The constraints of lithium-ion batteries are well-known at this level, so quite a lot of automakers are exploring options equivalent to lithium-air expertise.
Honda is taking a distinct method as their scientists have teamed up with researchers from the California Institute of Know-how and NASA’s Jet Propulsion Laboratory to develop a brand new battery chemistry that guarantees to be a major enchancment over present battery expertise.
Whereas the small print will most likely make your eyes glaze over, Honda says the analysis paves the way in which for “excessive energy-density batteries able to assembly quickly rising vitality storage wants by overcoming the present temperature limitations of fluoride-based battery expertise and by demonstrating the room-temperature operation of fluoride-ion based mostly vitality cells.”

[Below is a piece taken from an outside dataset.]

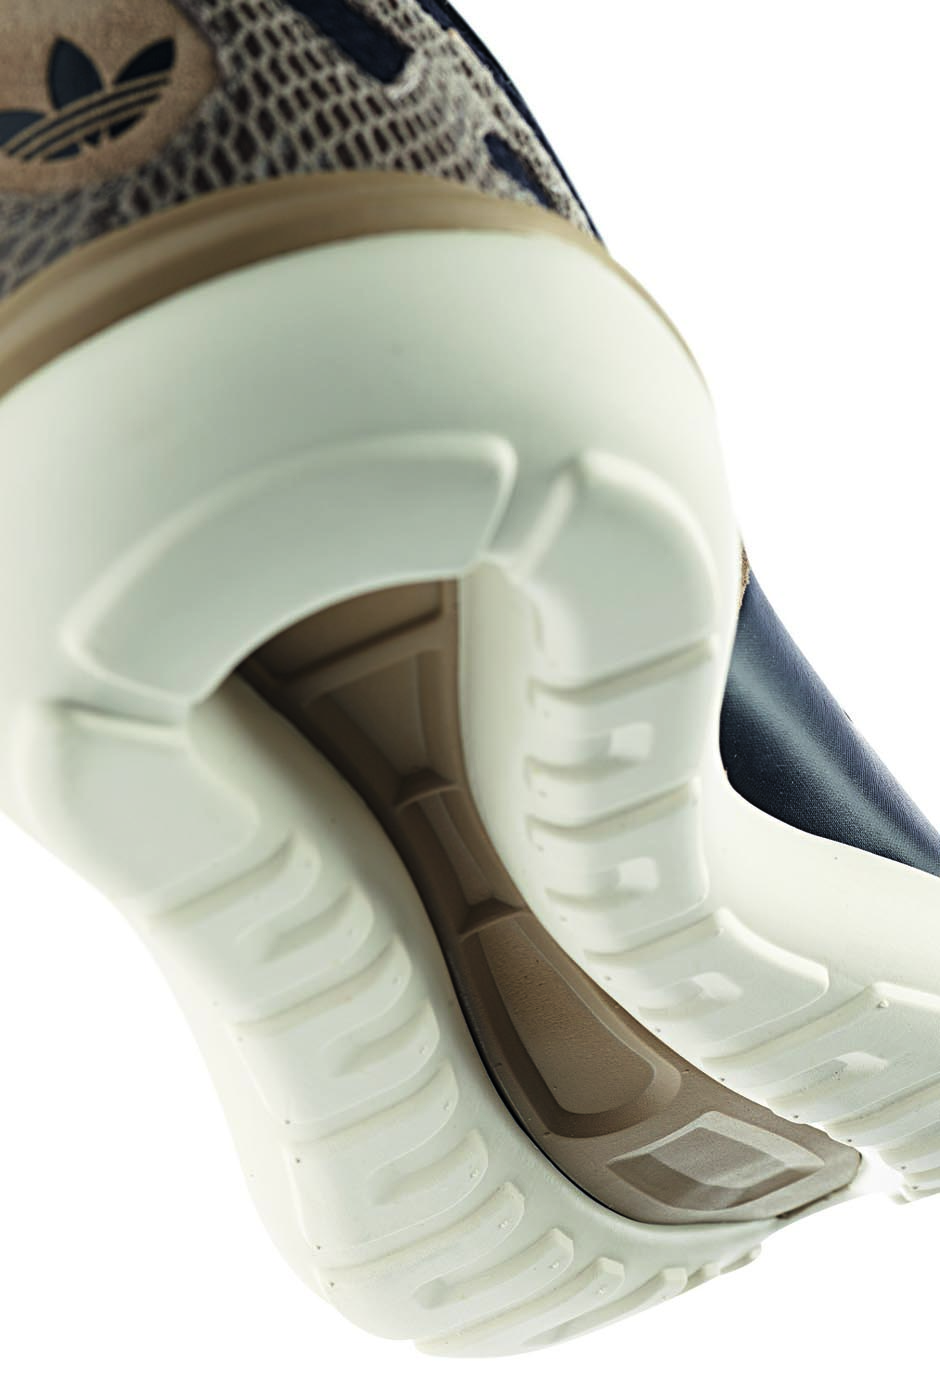 Adidas Originals Dresses Tubular In Snakeskin 06

Placing apart the science mumbo jumbo for a minute, the chief scientist of the Honda Analysis Institute mentioned “Fluoride-ion batteries supply a promising new battery chemistry with as much as ten instances extra vitality density than at present accessible lithium batteries.” That’s an enormous enchancment and fluoride-ion batteries have the potential to be considerably lighter than lithium-ion batteries whereas additionally delivering a vastly improved vary when utilized in electrical automobiles.
Dr. Christopher Brooks additionally famous fluoride-ion batteries are safer than lithium-ion batteries as they don’t undergo from overheating points. Moreover, the batteries are extra environmentally pleasant than right now’s lithium-ion batteries.
After all, fluoride-ion batteries have their drawbacks as Honda famous present solid-state fluoride ion-conducting batteries have to function at temperatures above 302 F° (150° C) to make the electrolyte fluoride-conducting. This has been a “important problem,” however the analysis workforce discovered a option to create a fluoride-ion electrochemical cell able to working at room temperature.
Honda says this breakthrough was achieved through the use of a “chemically secure liquid fluoride-conducting electrolyte with excessive ionic conductivity and a large working voltage.” The scientists additionally developed a singular electrolyte utilizing “dry tetraalkylammonium fluoride salts dissolved in an natural, fluorinated ether solvent.” That is paired with a composite cathode which encompasses a core-shell nanostructure made from copper, lanthanum and fluorine. Because of this setup, the researchers have been capable of efficiently show reversible electrochemical biking at room temperature.